I'll attempt to describe below the scenario we think we're seeing. We don't know if the scenario is accurate in terms of the exact sequence of events. Obviously if the lock isn't respected, the events could occur in a different order. The issue is always reproducible in our system.
- Thread 1 acquires lock "foo". Key "foo" is not yet an entry in the IMap, so it puts a value in for "foo", and then releases the lock.
- Thread 2, 3, 4 look to acquire lock "foo"
- Thread 2 acquires lock "foo", sees there's a value for "foo", registers an EntryListener, and then releases the lock.
- Thread 3 acquires lock "foo", sees there's a value for "foo", adds a listener to thread 2, and then releases the lock.
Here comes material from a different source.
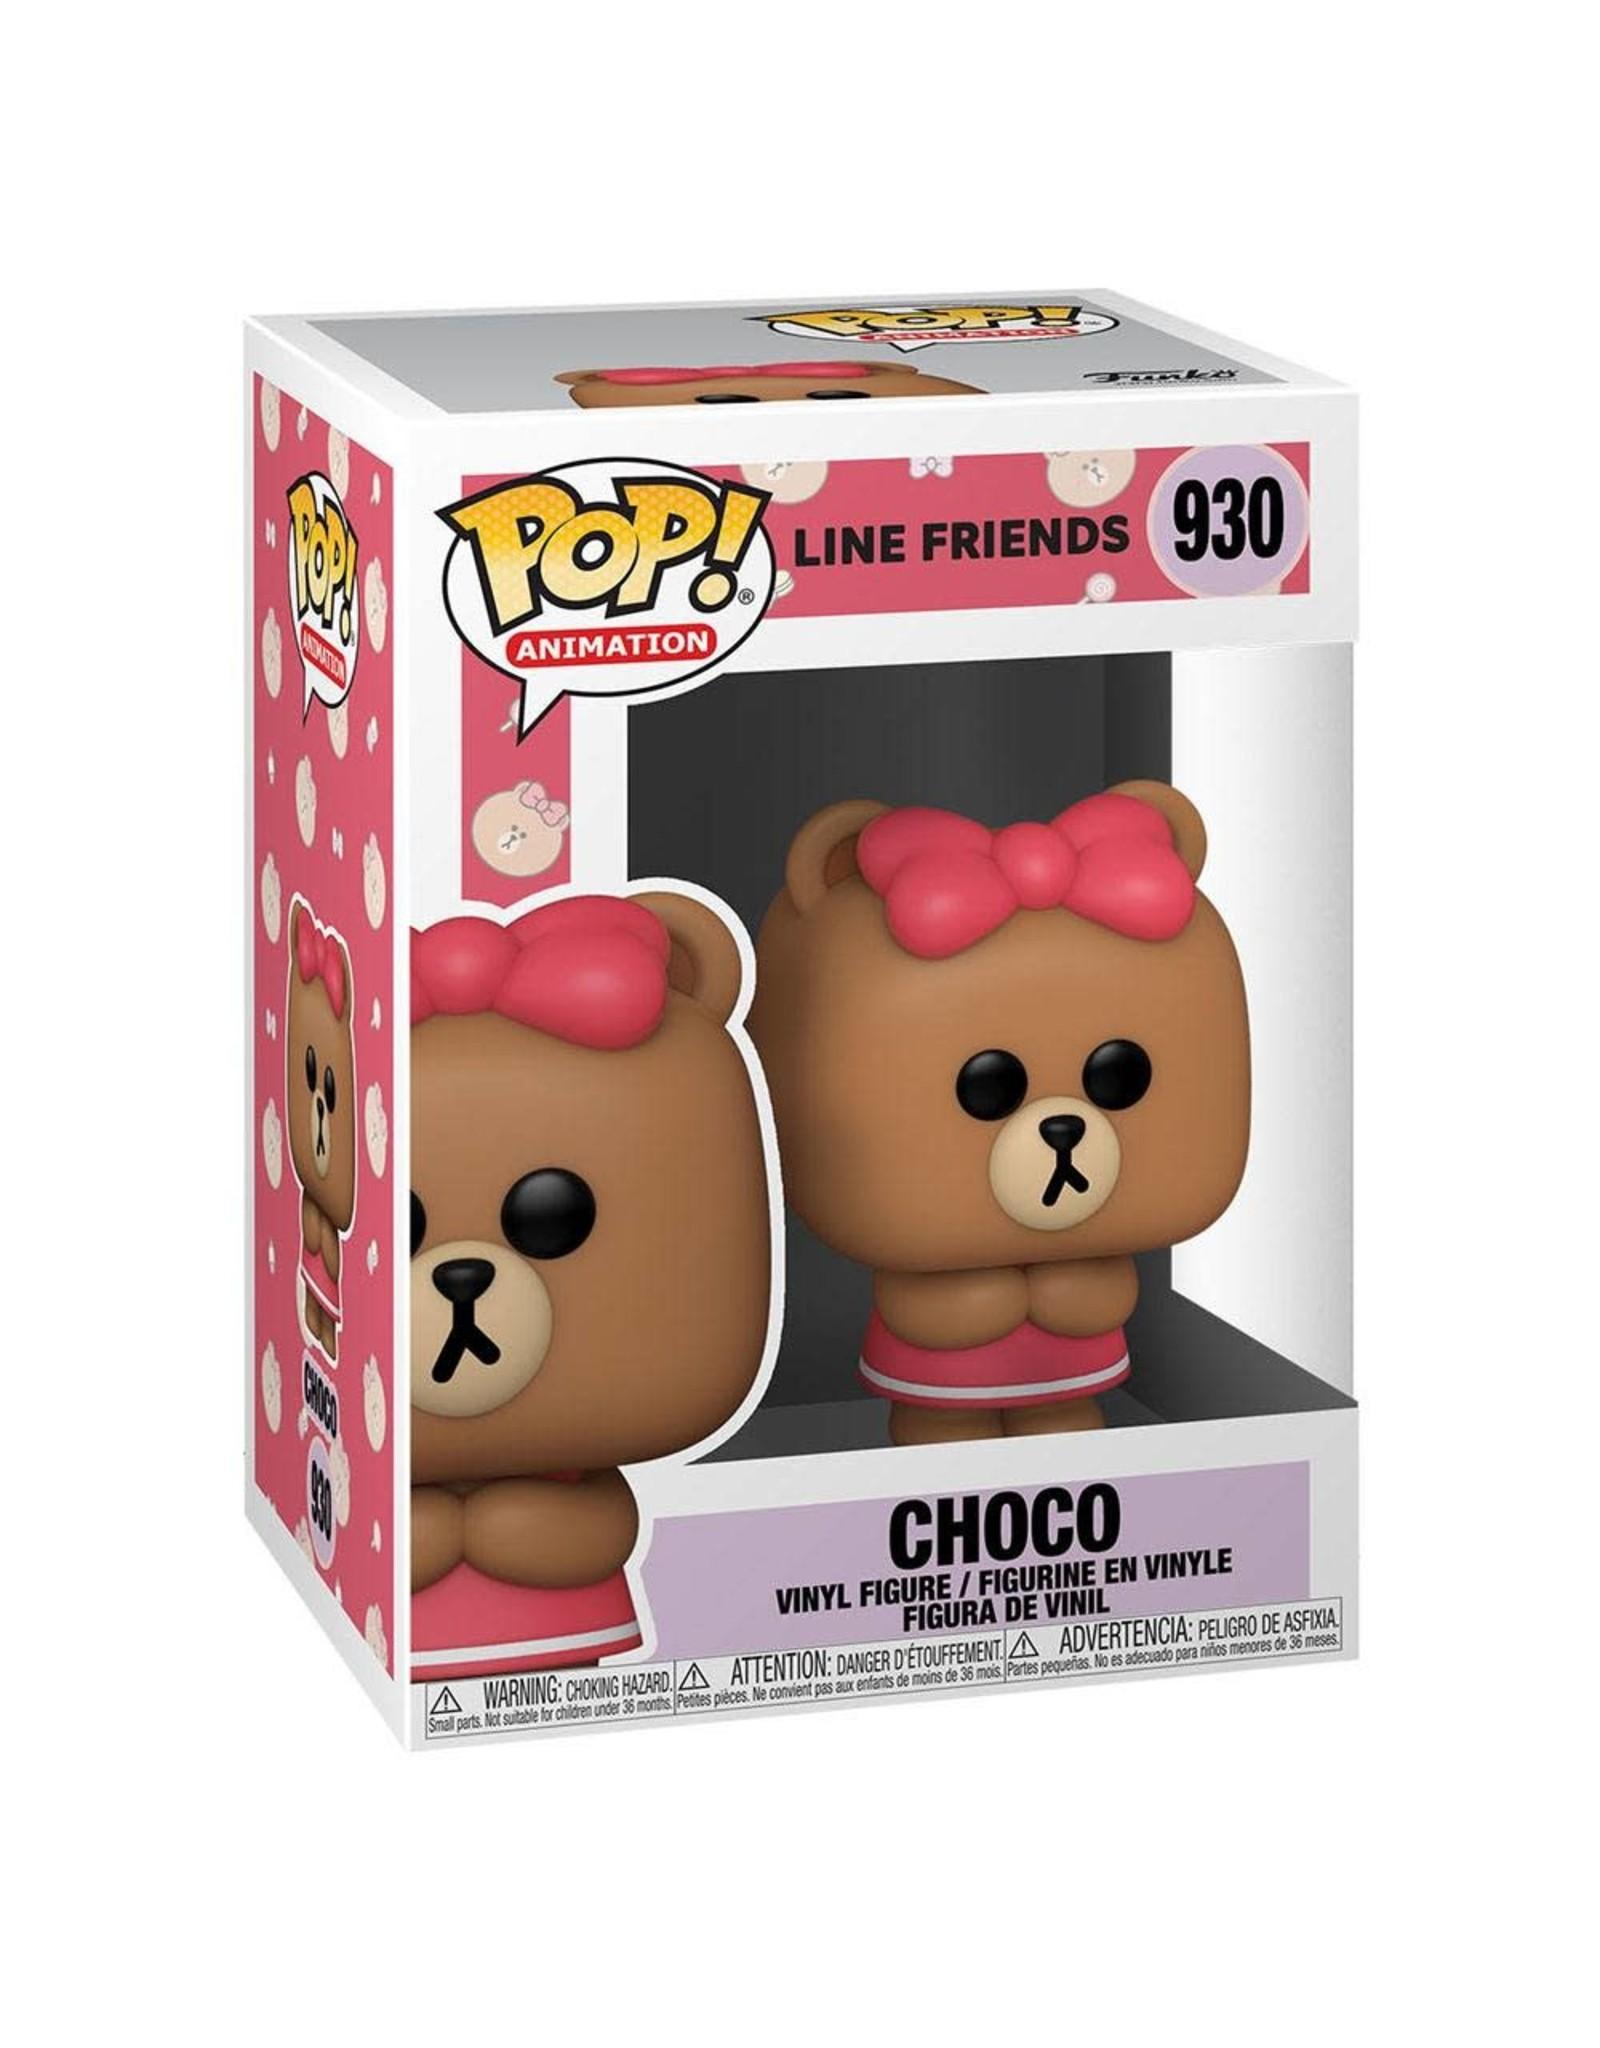 Line Friends - Funko Pop! Animation 930 - Choco

- Thread 4 acquires lock "foo", removes "foo" from the map, and then unlocks "foo".
We haven't found evidence that any of the threads successfully acquire lock "foo" while another thread holds it, though we suspect it to be the case. We're still investigating. The issue we suspect is thread 4 successfully acquires lock "foo" while thread 3 holds it. Meanwhile, it's possible that thread 4 removes "foo" from the map before thread 3 can register its listener on thread 2 and thus thread 3 never gets a callback. We completely rely on the lock "foo" to synchronize these operations.
Finally, we haven't tried running w/ the fix for issue 223, so we have no reason to believe that patch fixes the underlying issue. It may not be relevant. Is it worth trying the fix for 223 or are you convinced it has no relevance to our use case?